Furthermore, reference to an apparatus or system or a component of an apparatus or system being adapted to, arranged to, capable of, configured to, enabled to, operable to, or operative to perform a particular function encompasses that apparatus, system, component, whether or not it or that particular function is activated, turned on, or unlocked, as long as that apparatus, system, or component is so adapted, arranged, capable, configured, enabled, operable, or operative.
In addition, techniques, systems, subsystems, and methods described and illustrated in the various embodiments as discrete or separate may be combined or integrated with other systems, modules, techniques, or methods without departing from the scope of this disclosure. Other items shown or discussed as coupled or directly coupled or communicating with each other may be indirectly coupled or communicating through some interface, device, or intermediate component whether electrically, mechanically, or otherwise.

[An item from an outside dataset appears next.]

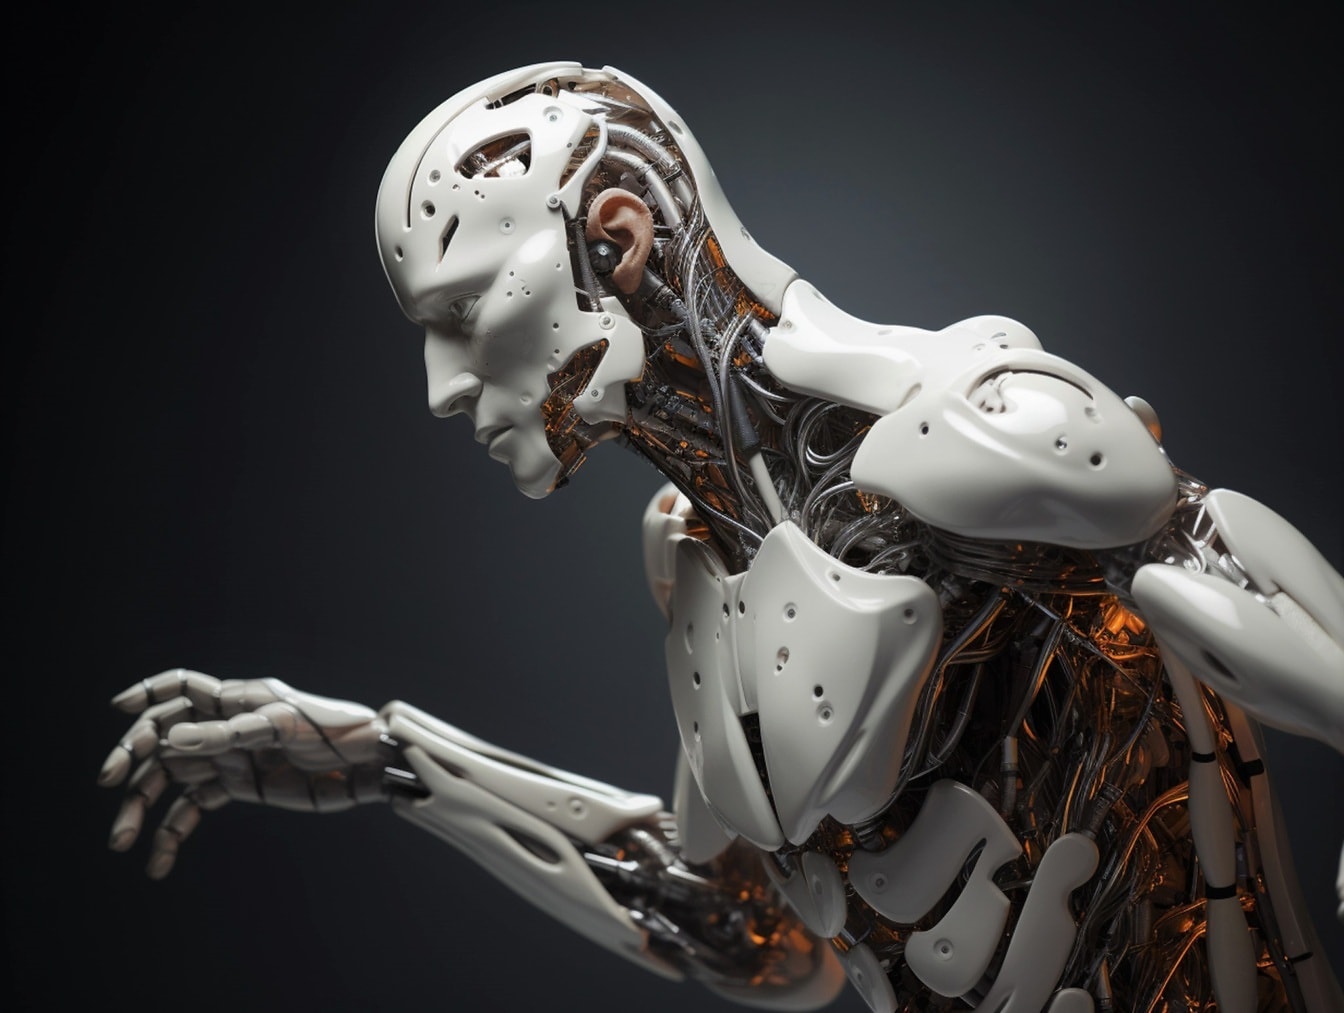 Robot cyborg humanoide blanco con inteligencia artificial

Other examples of changes, substitutions, and alterations are ascertainable by one skilled in the art and could be made without departing from the spirit and scope disclosed herein.
To aid the Patent Office, and any readers of any patent issued on this application in interpreting the claims appended hereto, applicants note that they do not intend any of the appended claims to invoke 35 U.S.C. § 112(f) as it exists on the date of filing hereof unless the words “means for” or “step for” are explicitly used in the particular claim.

Claims

WHAT IS CLAIMED IS:
1. A system comprising: an electronic display; a computer processor; one or more memory units; and a module stored in the one or more memory units, the module configured, when executed by the processor, to: access a source image stored in the one or more memory units; determine depth data for each pixel of a plurality of pixels of the source image; map, using the plurality of pixels and the determined depth data for each of the plurality of pixels, the source image to a four-dimensional light field; and send instructions to the electronic display to display the mapped four- dimensional light field.

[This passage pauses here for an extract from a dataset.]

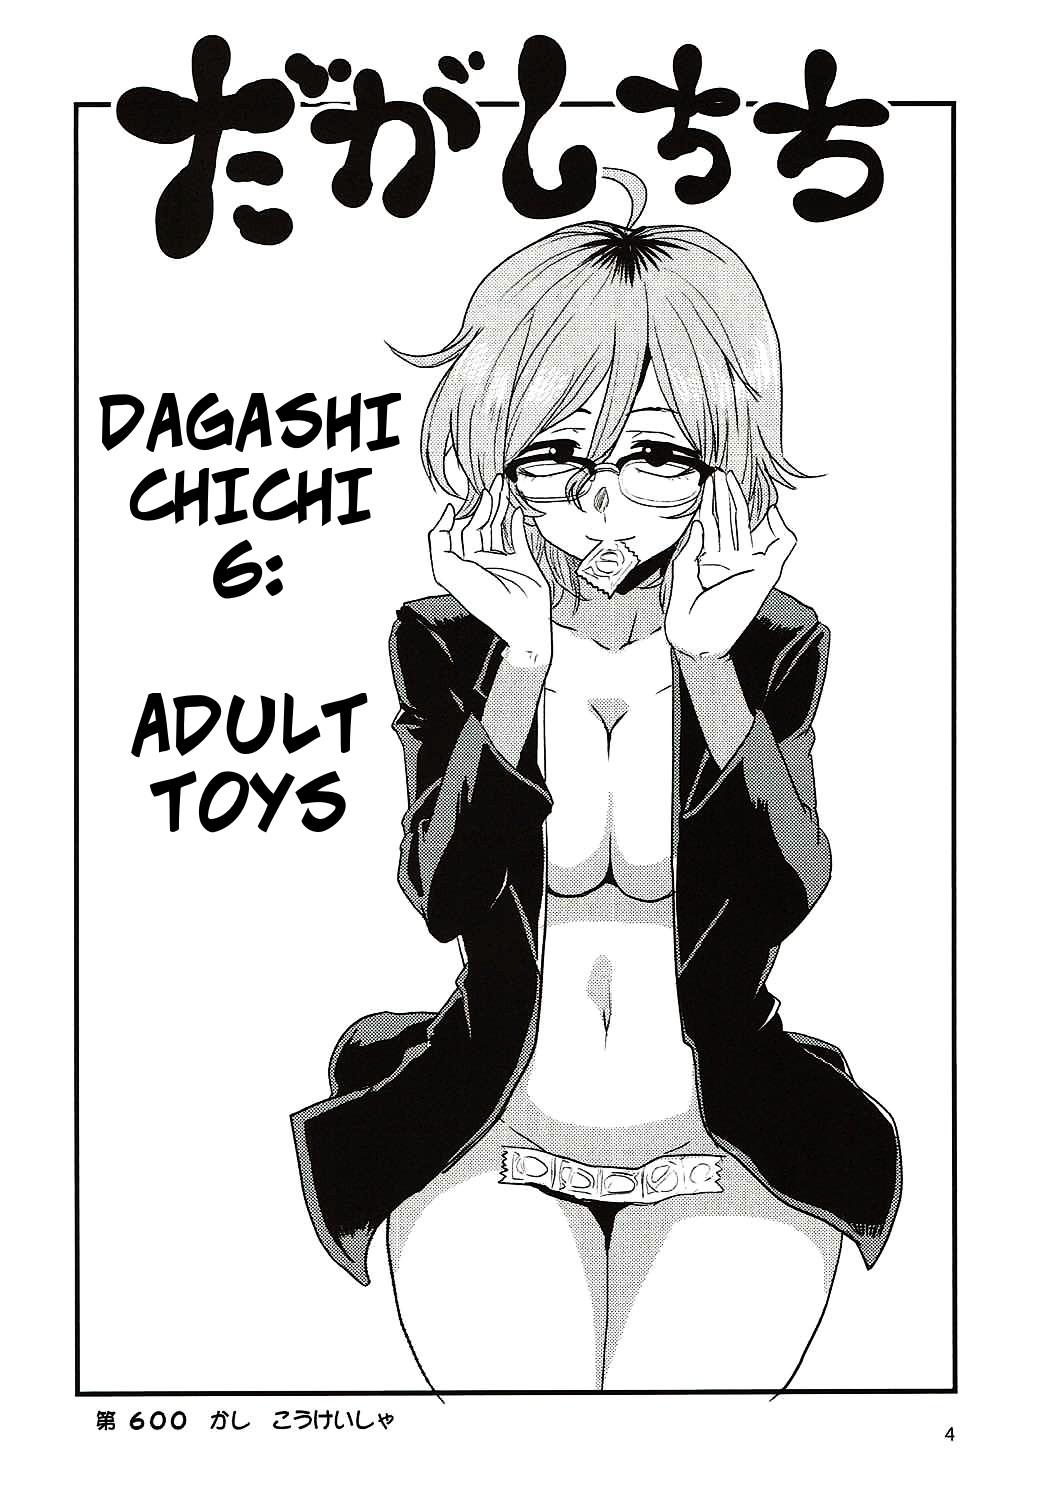 Babes Dagashi Chichi 6 - Dagashi kashi Free Amatuer Porn - Page 3

2. The system of Claim 1 , wherein: the source image comprises the depth data; and determining the depth data for each pixel of the plurality of pixels of the source image comprises accessing the depth data of the source image from a render buffer.
3. The system of Claim 1, wherein: the source image is a stereoscopic image that is devoid of the depth data; and determining the depth data for each pixel of the plurality of pixels of the source image comprises computing the depth data via parallax differences in the stereoscopic image.

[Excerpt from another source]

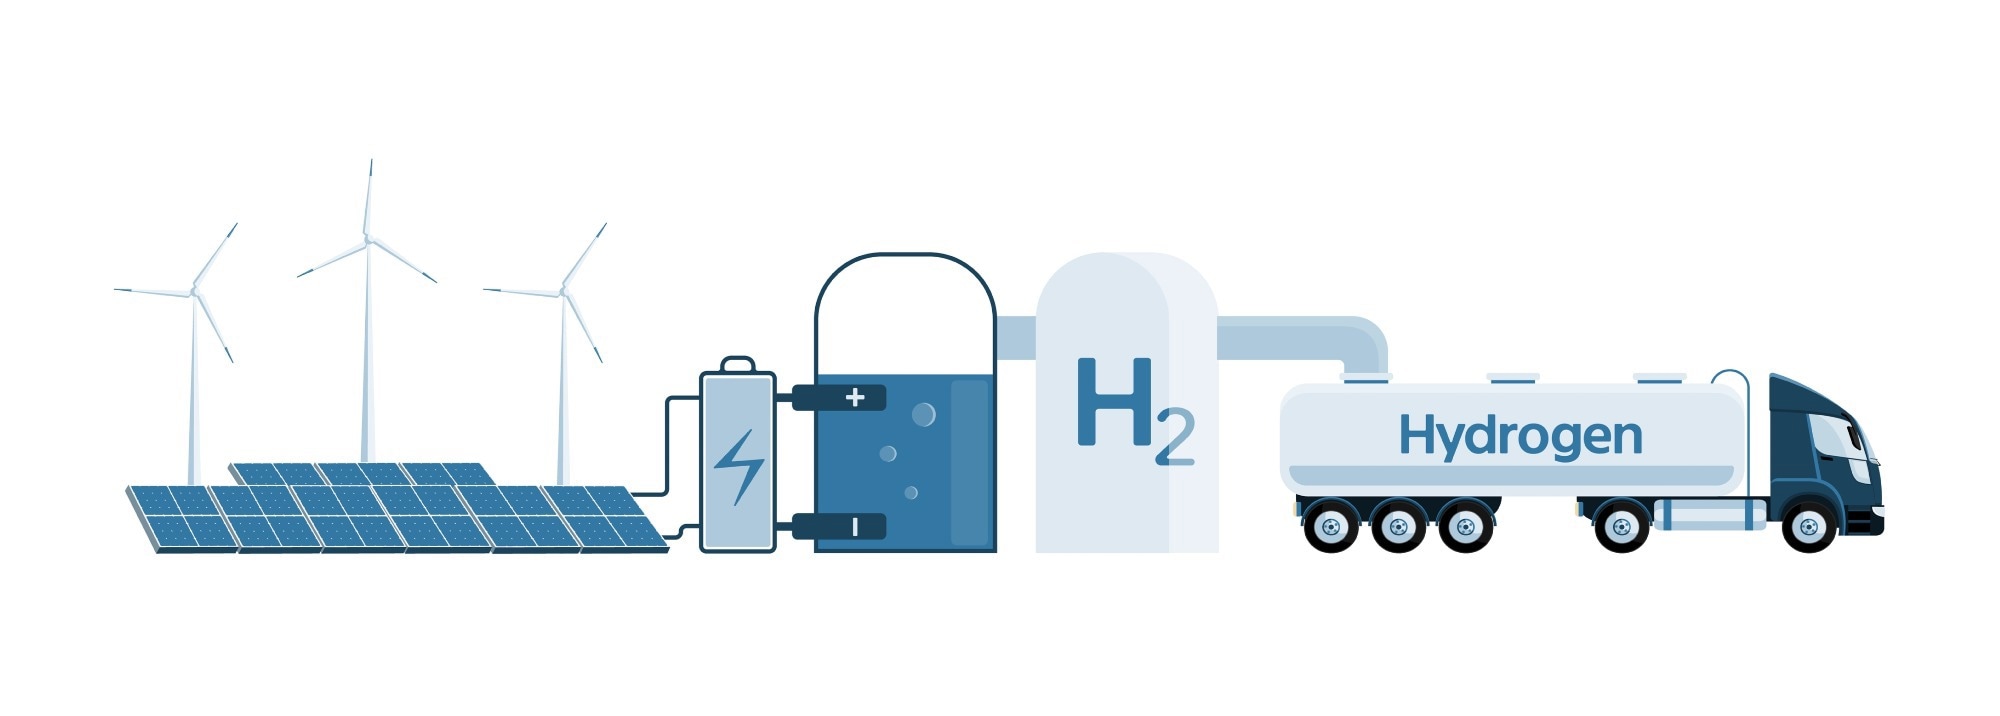 green hydrogen, hydrogen, energy storage

4. The system of Claim 1, wherein: the source image is a non-stereoscopic image that is devoid of the depth data; and determining the depth data for each pixel of the plurality of pixels of the source image comprises assigning a constant depth value and a fixed location to the depth data.
5. The system of Claim 1, wherein: the module is further configured, when executed by the processor, to determine whether a runtime environment for the system supports reverse-lookup; mapping, using the plurality of pixels and the determined depth data for each of the plurality of pixels, the source image to the four-dimensional light field comprises using reverse-lookup when it is determined that the runtime environment for the system supports reverse-lookup; and mapping, using the plurality of pixels and the determined depth data for each of the plurality of pixels, the source image to the four-dimensional light field comprises using forward-lookup when it is determined that the runtime environment for the system does not support reverse-lookup.
6. The system of Claim 1, wherein: the electronic display comprises a plurality of plenoptic cells, each plenoptic cell comprising a plurality of display pixels; and mapping, using the plurality of pixels and the determined depth data for each of the plurality of pixels, the source image to the four-dimensional light field comprises copying pixel data for each of the plurality of pixels of the source image to a corresponding display pixel of each of the plenoptic cells.
7. The system of Claim 6, wherein the corresponding display pixel is determined as a function of the depth data of the corresponding pixel of the source image.
8. The system of Claim 1, wherein: mapping, using the plurality of pixels and the determined depth data for each of the plurality of pixels, the source image to the four-dimensional light field comprises using reverse-lookup.
9. The system of Claim 1 , wherein: mapping, using the plurality of pixels and the determined depth data for each of the plurality of pixels, the source image to the four-dimensional light field comprises using forward-lookup.
10. A method by a computing device, the method comprising: accessing a source image stored in one or more memory units; determining depth data for each pixel of a plurality of pixels of the source image; mapping, using the plurality of pixels and the determined depth data for each of the plurality of pixels, the source image to a four-dimensional light field; and sending instructions to an electronic display to display the mapped fourdimensional light field.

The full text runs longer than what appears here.